American newspaper editor

George Dennison Prentice (December 18, 1802 – January 22, 1870) was an American newspaper editor, writer and poet who built the Louisville Journal into a major newspaper in Louisville, Kentucky, and the Ohio River Valley, in part by the virulence and satire in its editorials, which some blamed for a bloody election day riot in 1855. A slaveholder, Prentice initially supported Unionist candidate John Bell in the 1860 U.S. presidential election, and after the American Civil War, he urged Kentucky to remain neutral. Both of his sons joined the Confederate States Army, one dying in 1862, and Prentice's editorials lampooned Kentucky's military governor, Union General Stephen G. Burbridge. Prentice later opposed Congressional Reconstruction. He wrote a biography of Henry Clay published in 1831, an 1836 poem published in the McGuffey Readers, and a collection of his humorous essays was published in 1859 and revised after his death.

==Early and family life==
Prentice was born in New London County, Connecticut, (Note: Appleton's Cyclopedia names the town as Preston, Connecticut) in 1802 to farmer Rufus Prentice and his wife, the former Sarah Stanton. George was a child prodigy, learning to read before he was four, and mastering Latin and Greek by the time he was fourteen. He was the principal of a public school at age 15.

He left that job and moved to Rhode Island to attend Brown University, graduating at the head of his class in 1823. He returned to his home state to read law in Canterbury, Windham County, Connecticut. Although he joined the Connecticut bar in 1827, his legal practice did not thrive.
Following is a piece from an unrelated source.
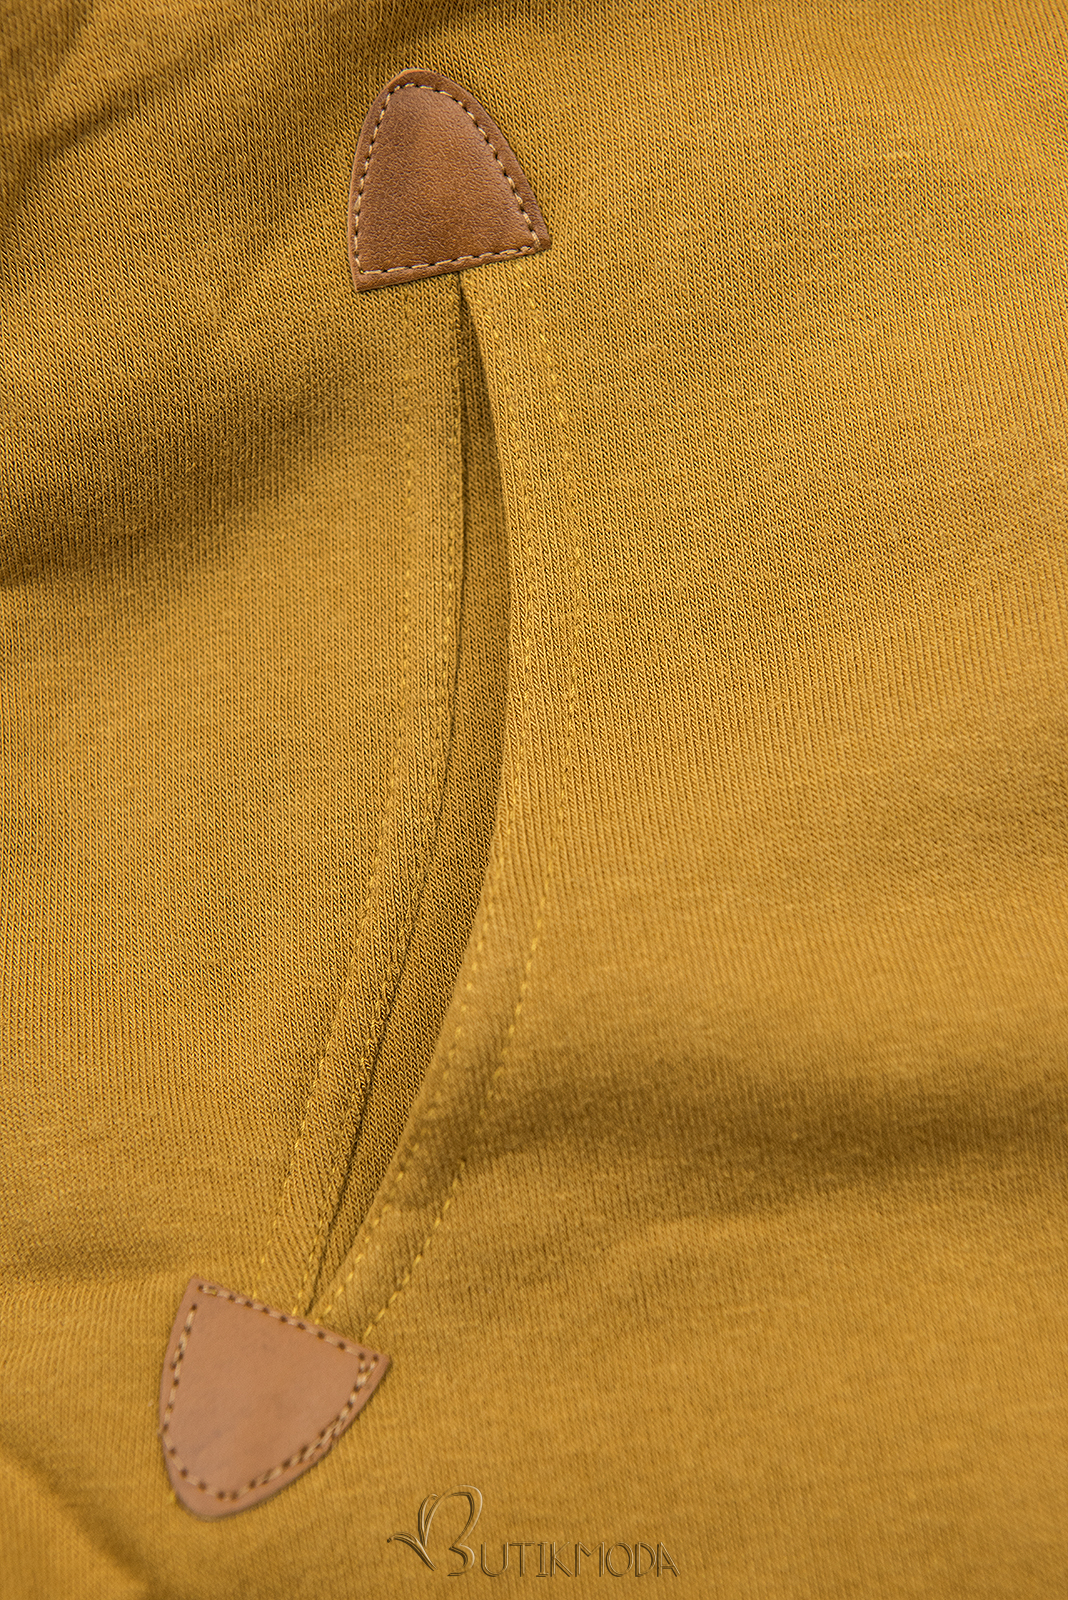 Sweatshirt dress mustard yellow
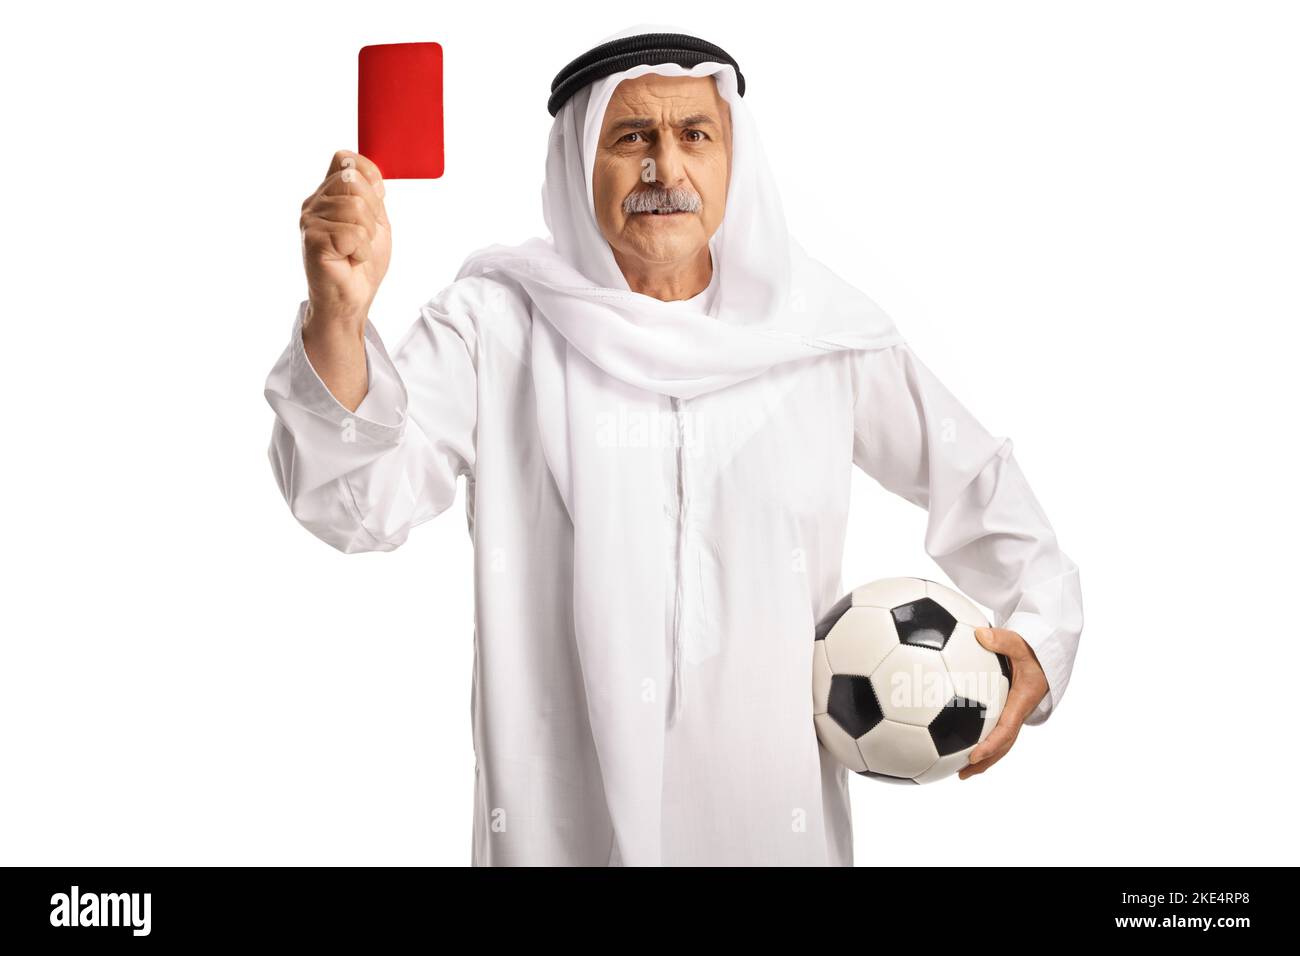 Argry aab uomo in abiti etnici in possesso di un calcio e mostrando un cartellino rosso isolato su sfondo bianco Foto Stock

On August 18, 1835, Prentice married Harriet Benham (1820–1868), daughter of Louisville, Kentucky, attorney Joseph Benham and a graduate of Nazareth College in Bardstown, Kentucky. She was an accomplished musician and for 20 years choir director for Christ Church in Louisville. Although their children Mary Louise and George Benham died young, William Courtland Prentice (1837–1862) and Clarence Joseph Prentice (1839–1873) reached adulthood. In the 1840 census, their 12-person household included seven slaves (some infants). Prentice owned 5 slaves, all adults, in 1850, and four slaves (including an eight-year-old boy) in 1860.

==Career==

Prentice moved to Hartford and became acting editor of the Connecticut Mirror in 1827. He became editor of The New-England Weekly Review in 1828.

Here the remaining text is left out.